It's like the socio-political sitch in Iraq (stay with me please!). Under my main-man Saddam Hussein, you'd get yer tongue cut out for swearing and yer dick cut off for rape, etc... but under the Christian USA troops, you can't really even leave yer house without gettin' shot at. So, Sid Vicious was a brain-dead British teenager, heroin user (mark of the truly retarded), murderer, and Johnny Thunders (my musical hero) was a horrible junkie opportunist, and let's face it, racist. However, somehow I'd still rather have either Johnny, Sid, or Saddam baby-sitting my kids than you and yer boxing glove-fingering, I'm talkin' 'bout you Cursive and Mineral, From Autumn to Ashes and all the rest, shady hipster mutherfuckers!!

Lookin' Fer Trouble? Well You Found Me! Pt. I

(Reprinted from the Hic-Up #5, March 2007)

"I am right!" - Handsome Dick Manitoba

After a minor annoyance at work today got my sleepy brain to thinkin', I came to a shocking illumination: Libertarianism is fer suckers. Or maybe even worse. It was obvious to me that the only viable way to be is facist. Here's the deal: I want my freedom, damn it, and i sure as hell don't trust anybody or especially any group of people to get it for me.

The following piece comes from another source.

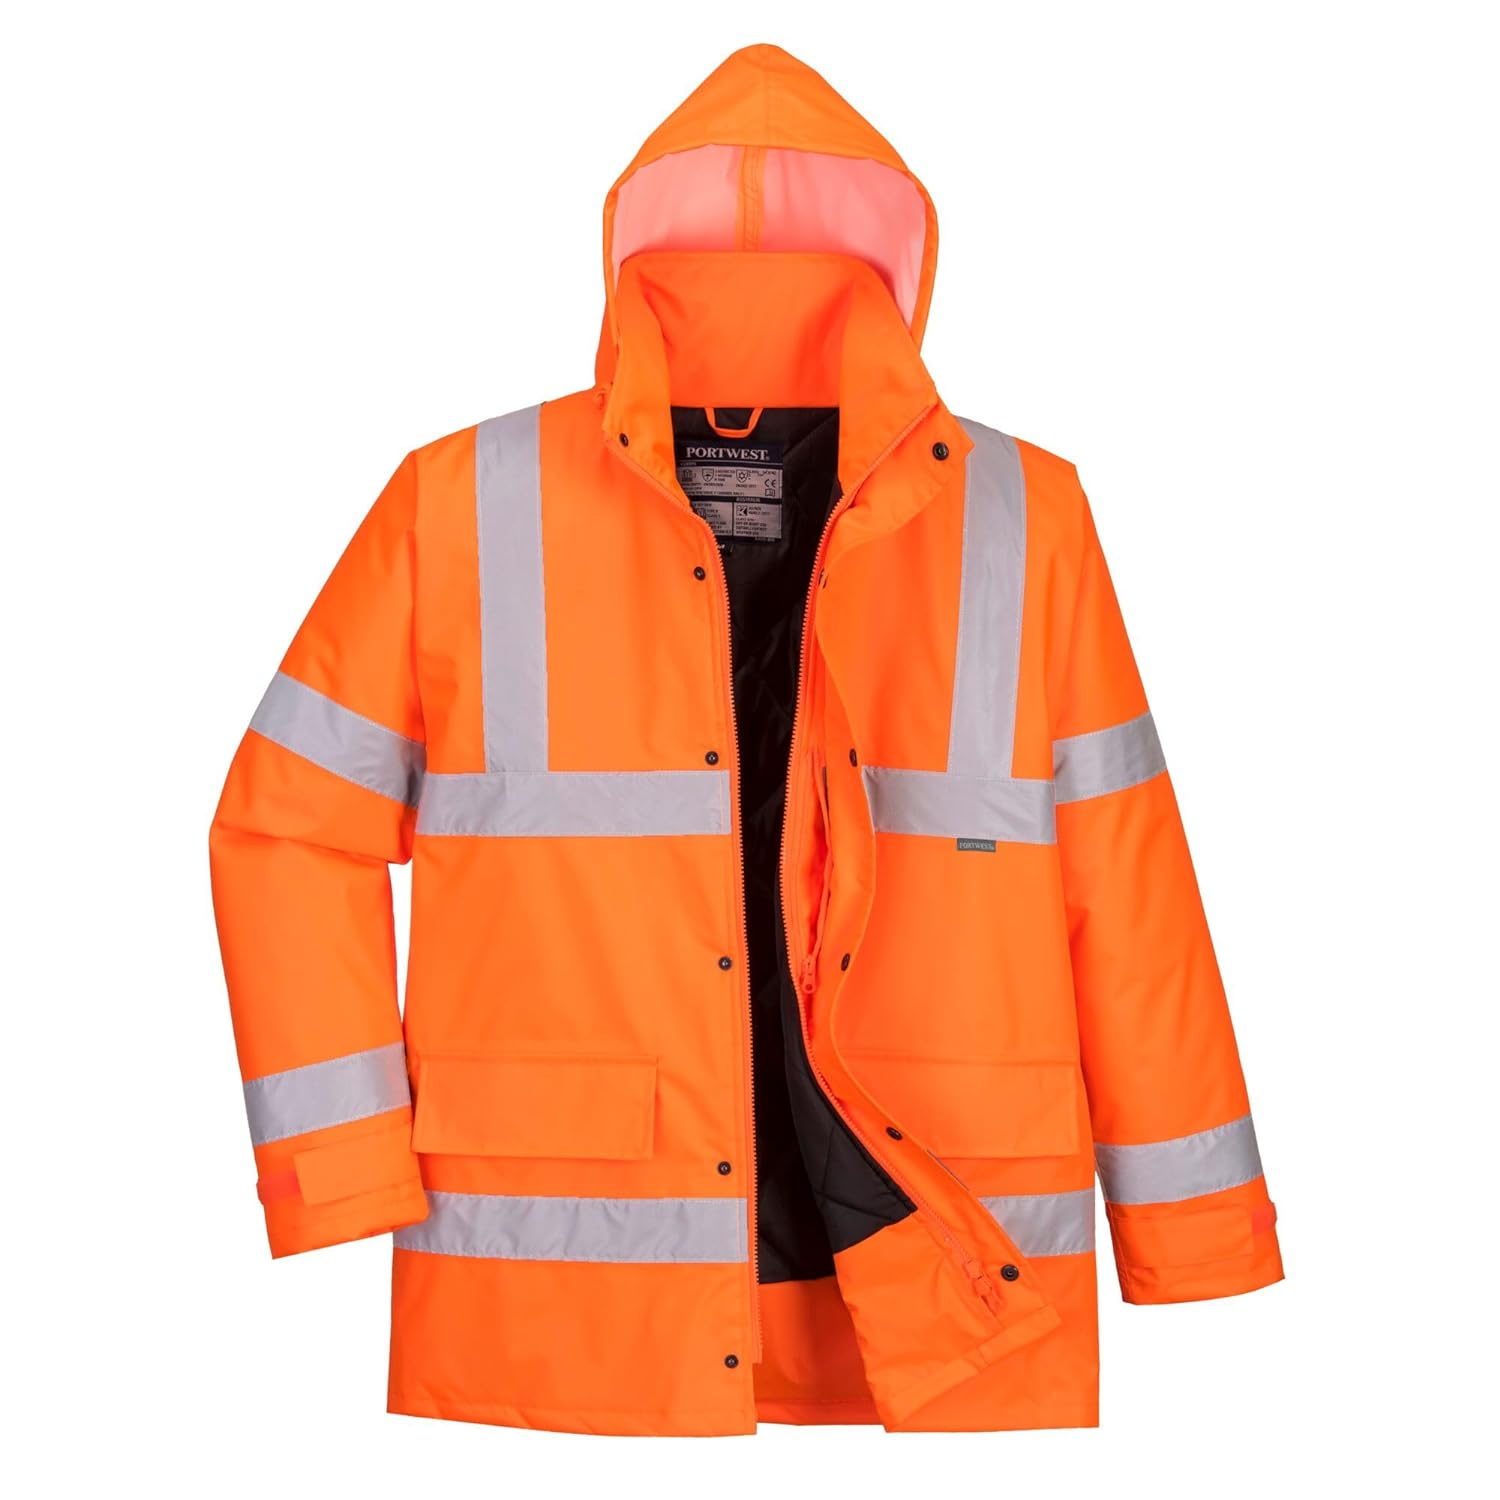 Portwest S460 Hi-Vis Winter Traffic Jacket Orange
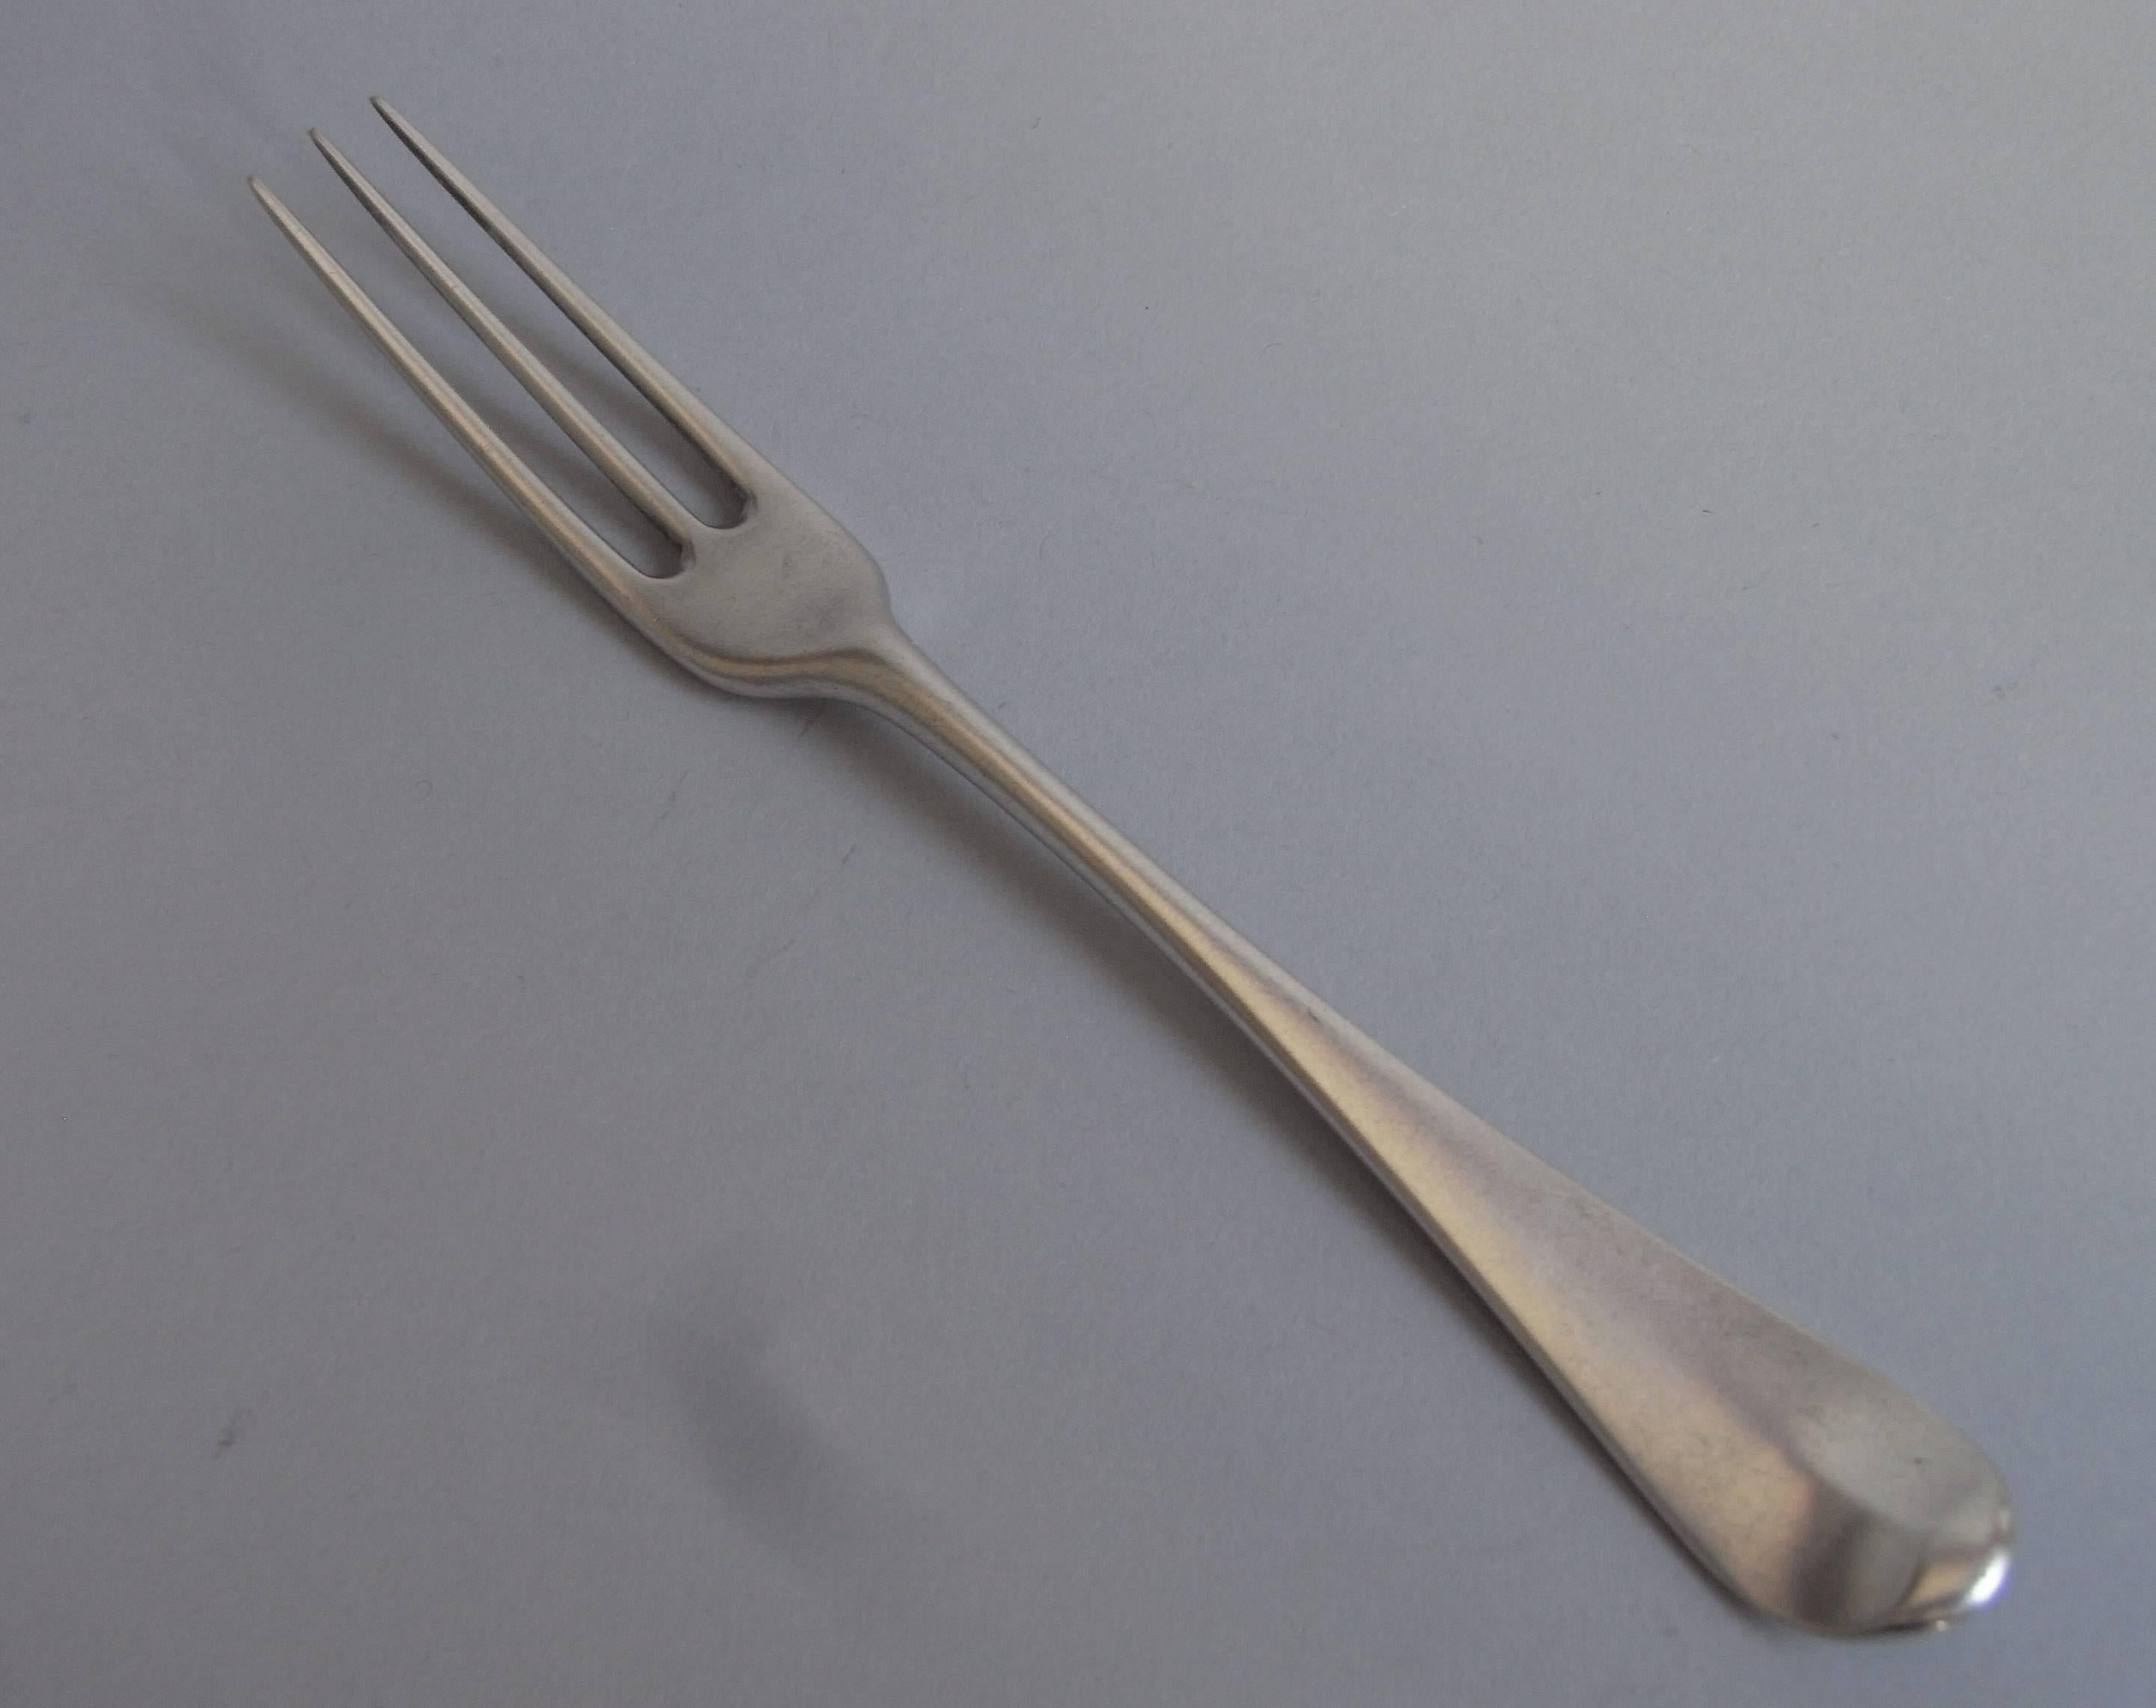 antique forks 3 prong

"I'll be a pharaoh soon. Rule from some golden tomb. Things will be different then. The sun will rise from here. Then I'll be ten feet tall. And you'll be nothing at all." - Stiv Bators

So, I feel about the Ramones the way jihad-style dudes feels about Allah. And punk rock records are my Holy Book, not thematically devoid of my heroes desiring to be the only boy in an American ruling class. But, where Stiv and Handsome Dick only went so far as conceptualization, i will be the Pharoah Boy of the 21st Century, Benevolent Despot of the USA. The reason it's me is because i know something you don't.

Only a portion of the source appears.